TASK TO CARRY OUT. Leaving out every picture, copy the lines of the material below exactly, from the line containing "Fantastic Microfiber Cushion" through the line containing "548 best Diy".
** Opening EXERCISE MATERIALS block **
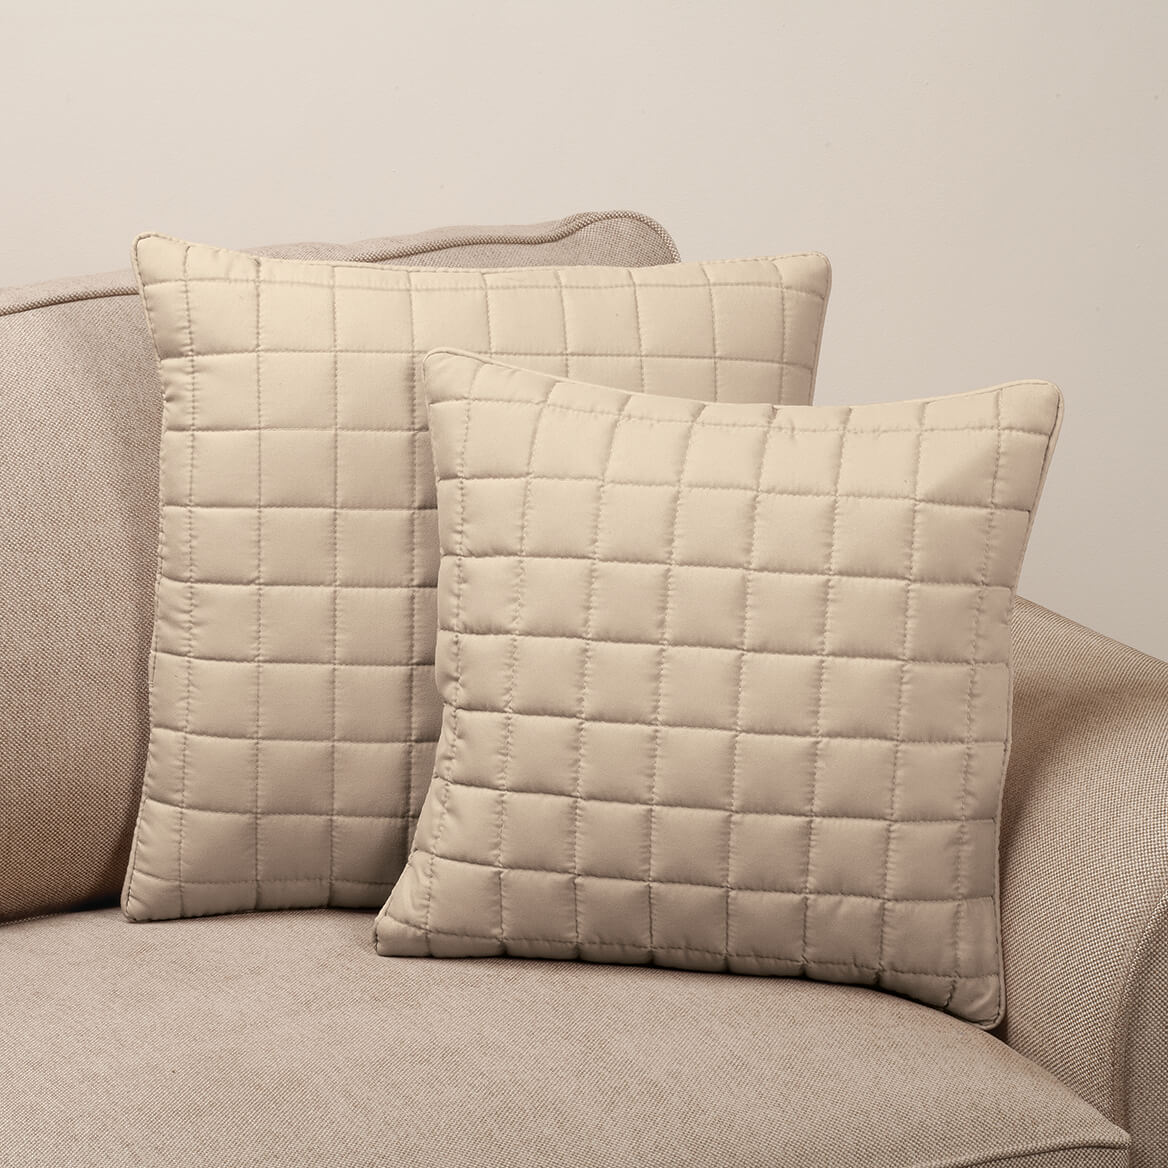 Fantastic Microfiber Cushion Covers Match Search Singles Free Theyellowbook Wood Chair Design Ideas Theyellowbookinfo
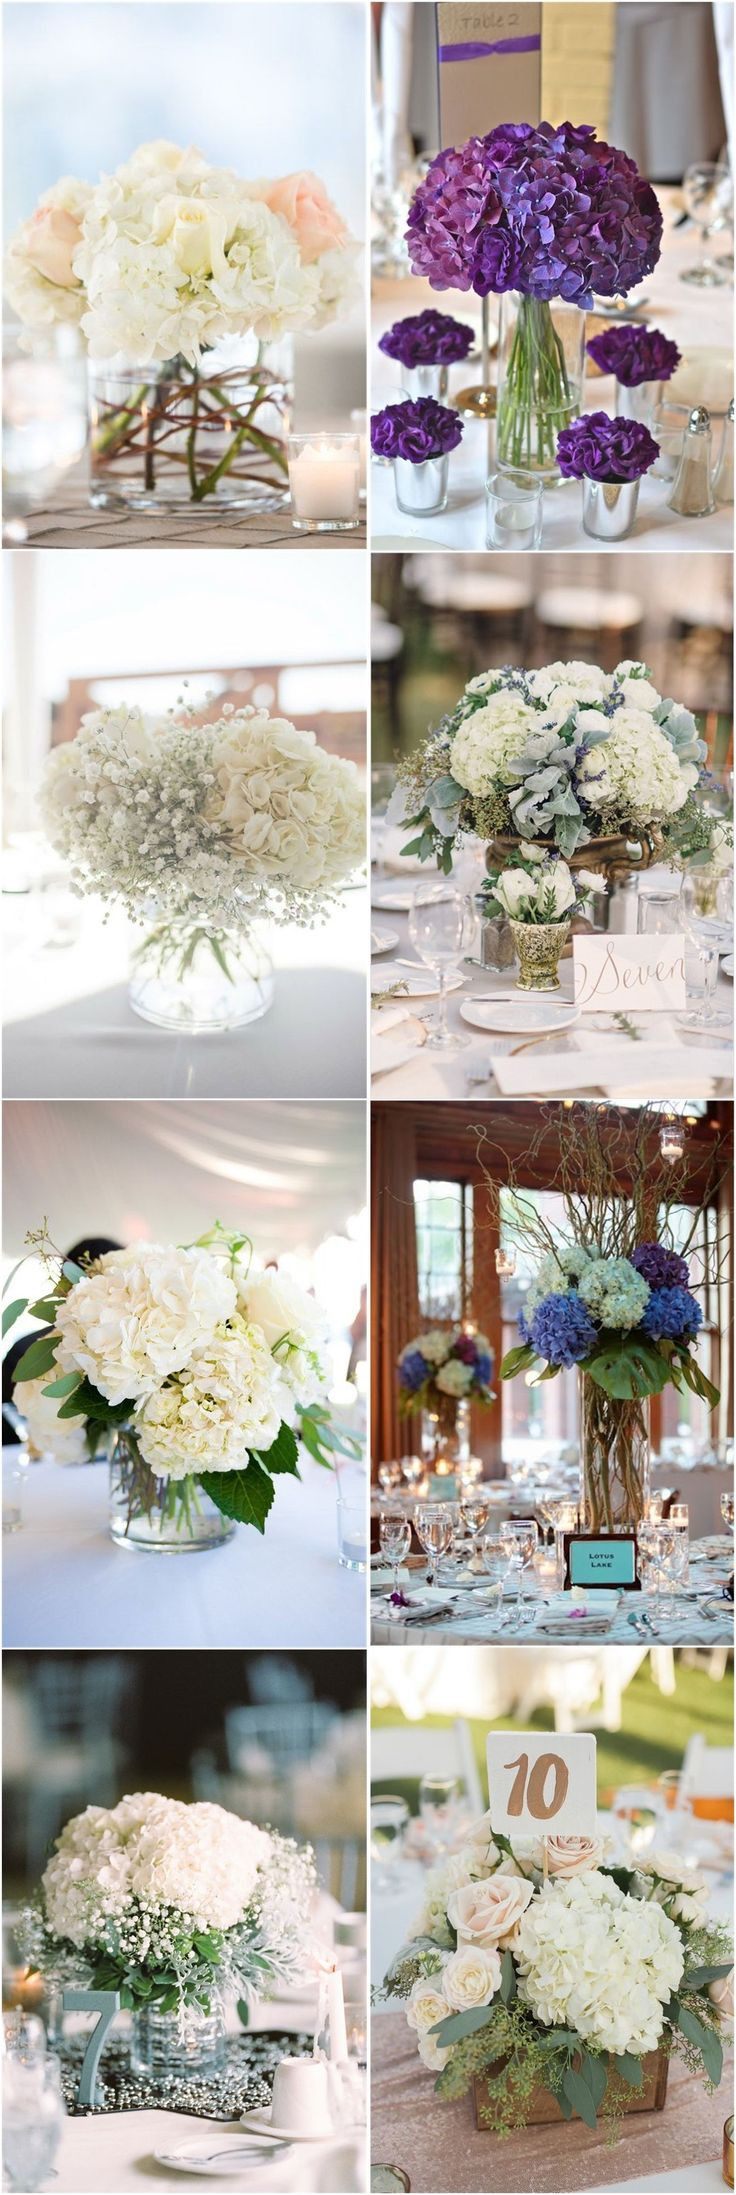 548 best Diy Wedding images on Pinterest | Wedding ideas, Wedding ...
** Closing EXERCISE MATERIALS block **
** Opening EXERCISE MATERIALS block **
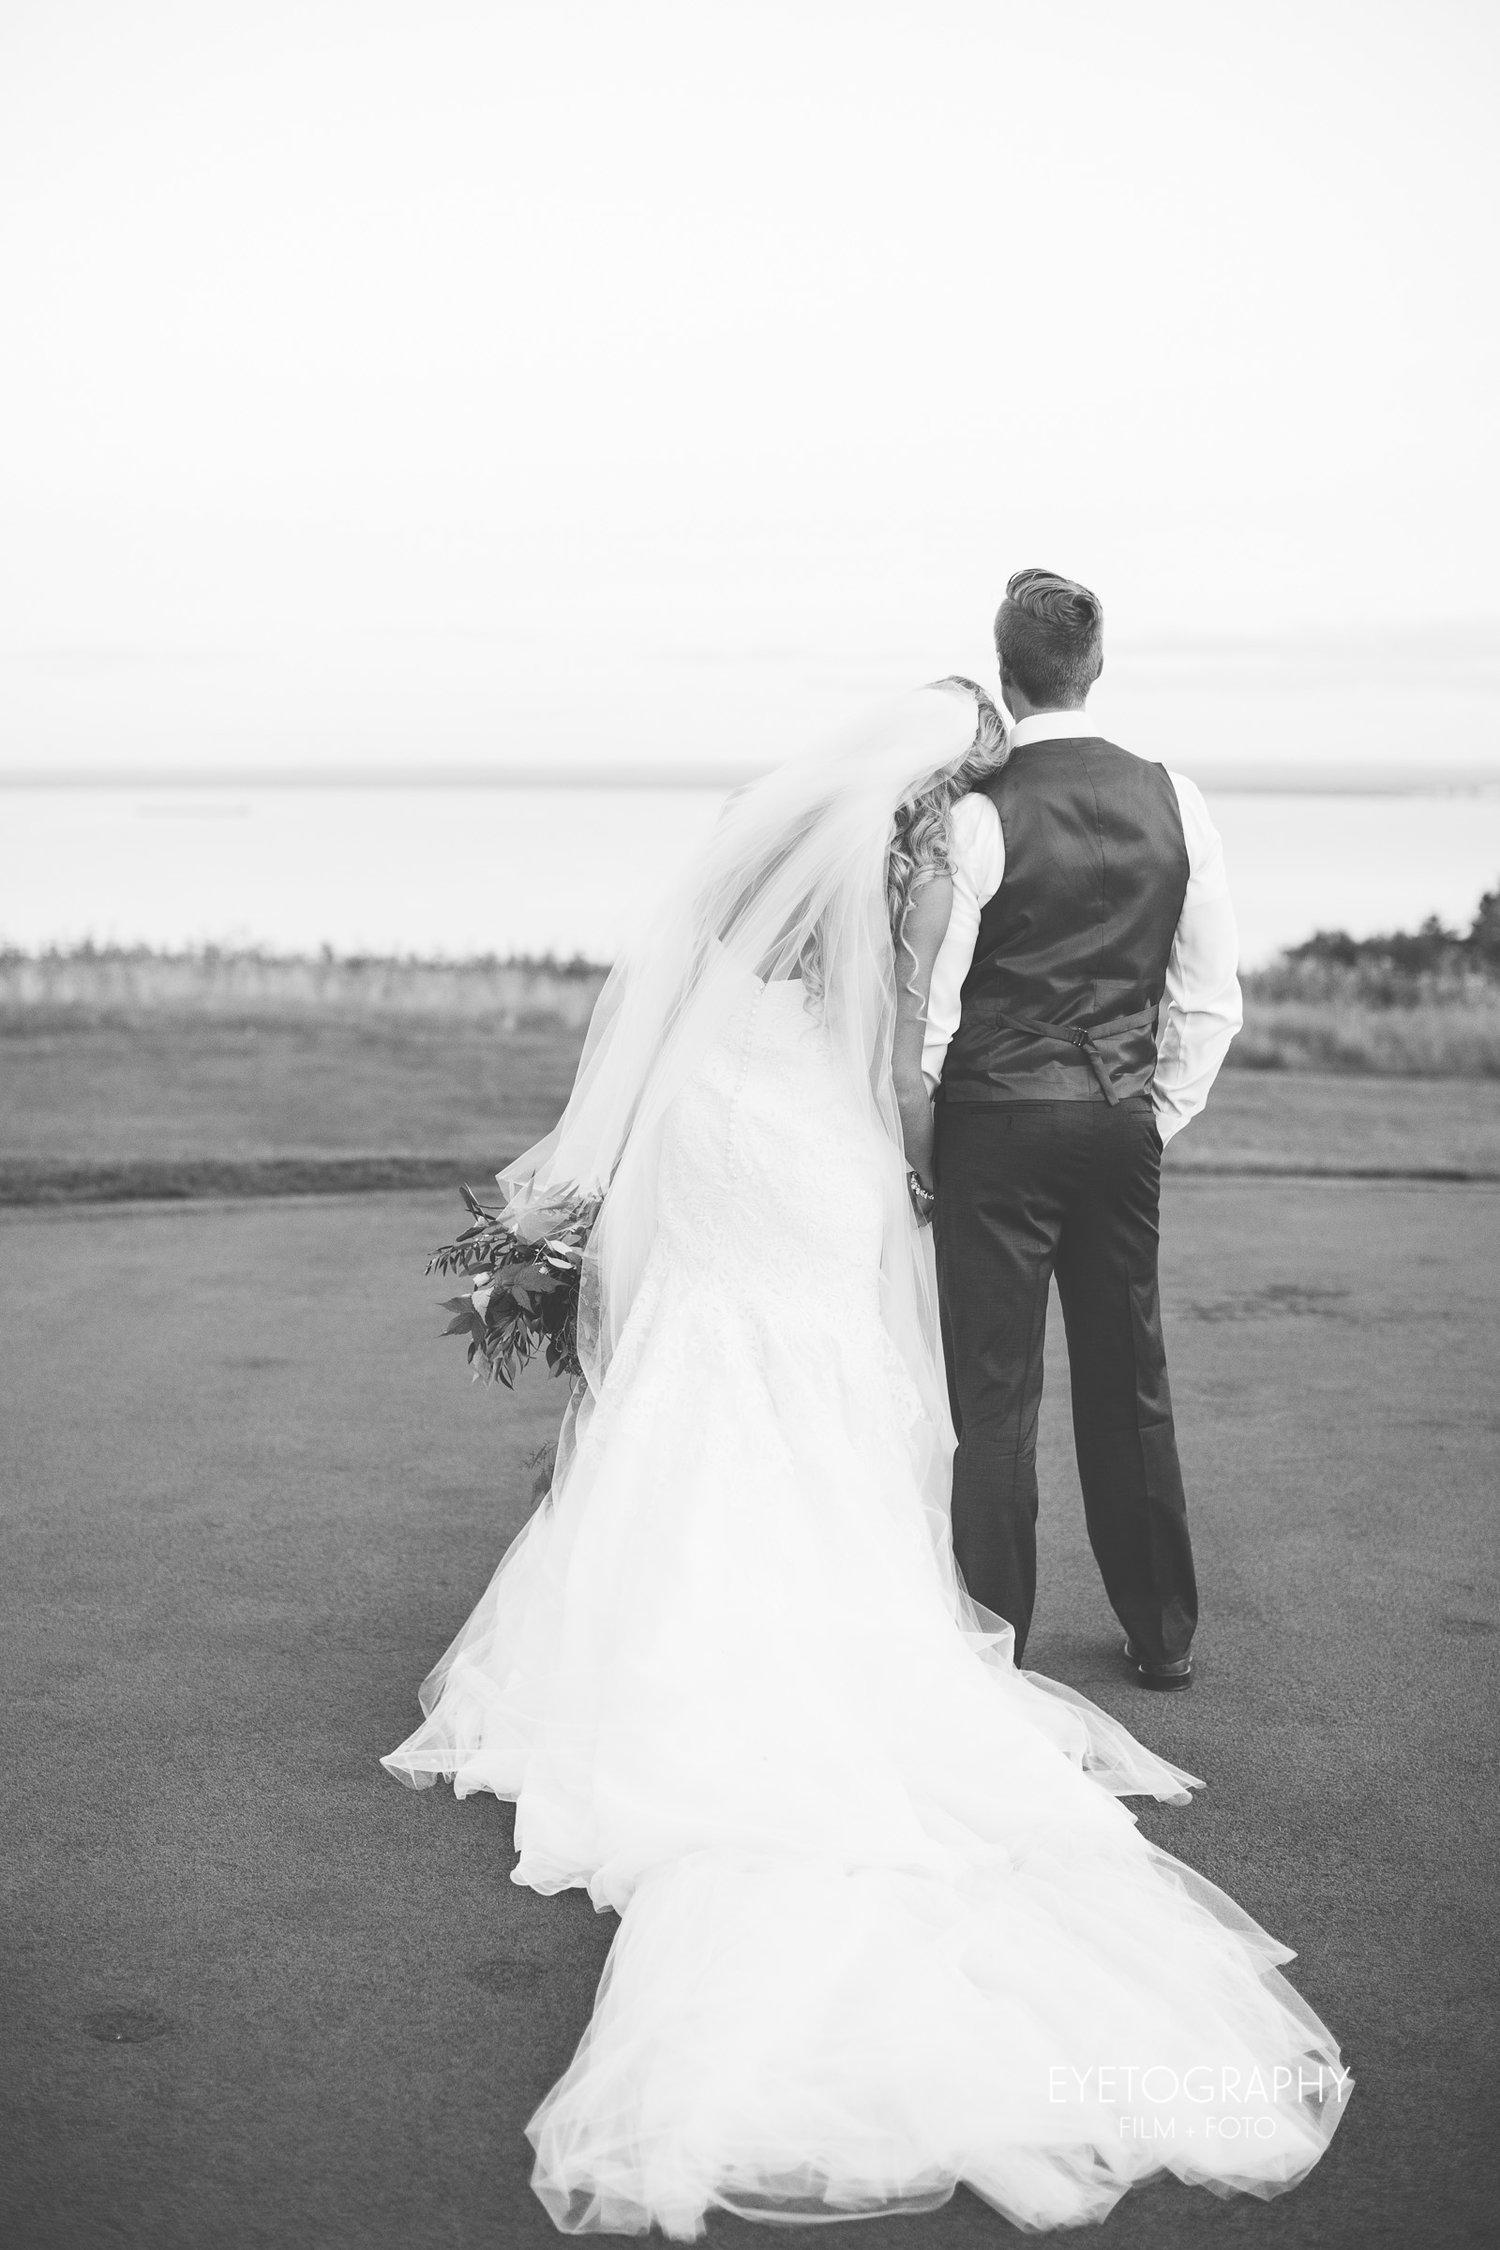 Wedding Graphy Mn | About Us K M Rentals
** Closing EXERCISE MATERIALS block **
ANSWER BOX.
 Fantastic Microfiber Cushion Covers Match Search Singles Free Theyellowbook Wood Chair Design Ideas Theyellowbookinfo
 548 best Diy Wedding images on Pinterest | Wedding ideas, Wedding ...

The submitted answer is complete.